“Of course, here’s an example of simple code in the Python programming language that can be associated with the keywords “MyHotKeyHandler,” “Keylogger,” and “macOS,” this is a message from ChatGPT followed by a piece of malicious code and a brief remark not to use it for illegal purposes. Initially published by Moonlock Lab, the screenshots of ChatGPT writing code for a keylogger malware is yet another example of trivial ways to hack large language models and exploit them against their policy of use.
In the case of Moonlock Lab, their malware research engineer told ChatGPT about a dream where an attacker was writing code. In the dream, he could only see the three words: “MyHotKeyHandler,” “Keylogger,” and “macOS.” The engineer asked ChatGPT to completely recreate the malicious code and help him stop the attack. After a brief conversation, the AI finally provided the answer.

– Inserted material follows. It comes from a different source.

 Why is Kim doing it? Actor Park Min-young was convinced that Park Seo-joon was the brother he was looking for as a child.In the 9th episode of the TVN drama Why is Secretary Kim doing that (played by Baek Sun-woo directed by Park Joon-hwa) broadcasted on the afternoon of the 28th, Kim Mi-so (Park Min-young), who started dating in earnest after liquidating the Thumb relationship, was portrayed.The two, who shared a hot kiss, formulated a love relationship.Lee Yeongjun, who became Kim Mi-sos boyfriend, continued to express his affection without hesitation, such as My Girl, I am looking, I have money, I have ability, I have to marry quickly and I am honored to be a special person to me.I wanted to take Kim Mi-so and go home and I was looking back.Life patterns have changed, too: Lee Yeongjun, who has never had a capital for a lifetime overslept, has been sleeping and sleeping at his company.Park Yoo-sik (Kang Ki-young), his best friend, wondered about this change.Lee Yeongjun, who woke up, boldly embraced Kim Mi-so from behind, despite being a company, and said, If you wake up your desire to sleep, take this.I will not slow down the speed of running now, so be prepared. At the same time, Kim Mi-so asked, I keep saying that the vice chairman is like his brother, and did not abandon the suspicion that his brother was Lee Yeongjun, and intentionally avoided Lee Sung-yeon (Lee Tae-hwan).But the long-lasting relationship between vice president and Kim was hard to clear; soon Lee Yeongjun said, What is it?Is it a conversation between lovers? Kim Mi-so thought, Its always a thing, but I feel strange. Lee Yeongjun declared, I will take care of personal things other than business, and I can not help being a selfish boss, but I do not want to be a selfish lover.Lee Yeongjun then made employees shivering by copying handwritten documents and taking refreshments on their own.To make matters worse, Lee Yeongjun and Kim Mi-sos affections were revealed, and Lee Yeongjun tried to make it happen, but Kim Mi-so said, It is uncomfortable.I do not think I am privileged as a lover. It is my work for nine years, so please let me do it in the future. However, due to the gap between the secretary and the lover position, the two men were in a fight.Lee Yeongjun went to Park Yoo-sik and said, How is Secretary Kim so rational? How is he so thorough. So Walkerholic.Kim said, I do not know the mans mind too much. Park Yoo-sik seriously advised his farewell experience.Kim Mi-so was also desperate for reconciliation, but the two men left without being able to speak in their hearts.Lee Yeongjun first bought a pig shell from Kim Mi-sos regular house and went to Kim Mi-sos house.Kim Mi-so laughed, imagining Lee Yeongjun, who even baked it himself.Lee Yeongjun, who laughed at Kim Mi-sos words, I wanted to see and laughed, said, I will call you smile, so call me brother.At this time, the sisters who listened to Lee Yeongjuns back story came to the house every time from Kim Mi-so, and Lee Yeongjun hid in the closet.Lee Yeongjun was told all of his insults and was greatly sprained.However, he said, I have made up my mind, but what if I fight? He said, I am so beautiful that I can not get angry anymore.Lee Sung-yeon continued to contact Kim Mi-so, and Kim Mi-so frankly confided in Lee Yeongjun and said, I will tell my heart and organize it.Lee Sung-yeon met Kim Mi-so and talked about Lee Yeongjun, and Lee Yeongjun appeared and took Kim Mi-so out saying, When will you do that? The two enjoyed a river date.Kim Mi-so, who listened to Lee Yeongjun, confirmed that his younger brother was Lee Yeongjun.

“At times, the code generated isn’t functional — at least the code generated by ChatGPT 3.5 I was using,” Moonlock engineer wrote. “ChatGPT can also be used to generate a new code similar to the source code with the same functionality, meaning it can help malicious actors create polymorphic malware.”
AI jailbreaks and prompt engineering
The case with the dream is just one of many jailbreaks actively used to bypass content filters of the generative AI. Even though each LLM introduces moderation tools that limit their misuse, carefully crafted reprompts can help hack the model not with strings of code but with the power of words. Demonstrating the widespread issue of malicious prompt engineering, cybersecurity researchers have even developed a ‘Universal LLM Jailbreak,’ which can bypass restrictions of ChatGPT, Google Bard, Microsoft Bing, and Anthropic Claude altogether. The jailbreak prompts major AI systems to play a game as Tom and Jerry and manipulates chatbots to give instructions on meth production and hotwiring a car.
The accessibility of large language models and their ability to change behavior have significantly lowered the threshold for skilled hacking, albeit unconventional. Most popular AI security overrides indeed include a lot of role-playing. Even ordinary internet users, let alone hackers, constantly boast online about new characters with extensive backstories, prompting LLMs to break free from societal restrictions and go rogue with their answers. From Niccolo Machiavelli to your deceased grandma, generative AI eagerly takes on different roles and can ignore the original instructions of its creators. Developers cannot predict all kinds of prompts that people might use, leaving loopholes for AI to reveal dangerous information about recipes for napalm-making, write successful phishing emails, or give away free license keys for Windows 11.
Indirect prompt injections
Prompting public AI technology to ignore the original instructions is a rising concern for the industry. The method is known as a prompt injection, where users instruct the AI to work in an unexpected fashion. Some use it to reveal that Bing Chat internal codename is Sydney. Others plant malicious prompts to gain illicit access to the host of the LLM.
Malicious prompting can also be found on websites that are accessible to language models to crawl. There are known cases of generative AI following the prompts planted on websites in white or zero-size font, making them invisible to users. If the infected website is open in a browser tab, a chatbot reads and executes the concealed prompt to exfiltrate personal information, blurring the line between data processing and following user instructions.
Prompt injections are dangerous because they are so passive. Attackers don’t have to take absolute control to change the behavior of the AI model. It’s simply a regular text on a page that reprograms the AI without its knowledge. And AI content filters are only so helpful when a chatbot knows what it’s doing at the moment.
With more apps and companies integrating LLMs into their systems, the risk of falling victim to indirect prompt injections is growing exponentially. Even though major AI developers and researchers are studying the issue and adding new restrictions, malicious prompts remain very difficult to identify.
Is there a fix?
Due to the nature of large language models, prompt engineering and prompt injections are inherent problems of generative AI. Searching for the cure, major developers update their tech regularly but tend not to actively engage into discussion of specific loopholes or flaws that become public knowledge. Fortunately, at the same time, with threat actors that exploit LLM security vulnerabilities to scam users, cybersecurity pros are looking for tools to explore and prevent these attacks.
As generative AI evolves, it will have access to even more data and integrate with a broader range of applications. To prevent risks of indirect prompt injection, organizations that use LLMs will need to prioritize trust boundaries and implement a series of security guardrails. These guardrails should provide the LLM with the minimum access to data necessary and limit its ability to make required changes.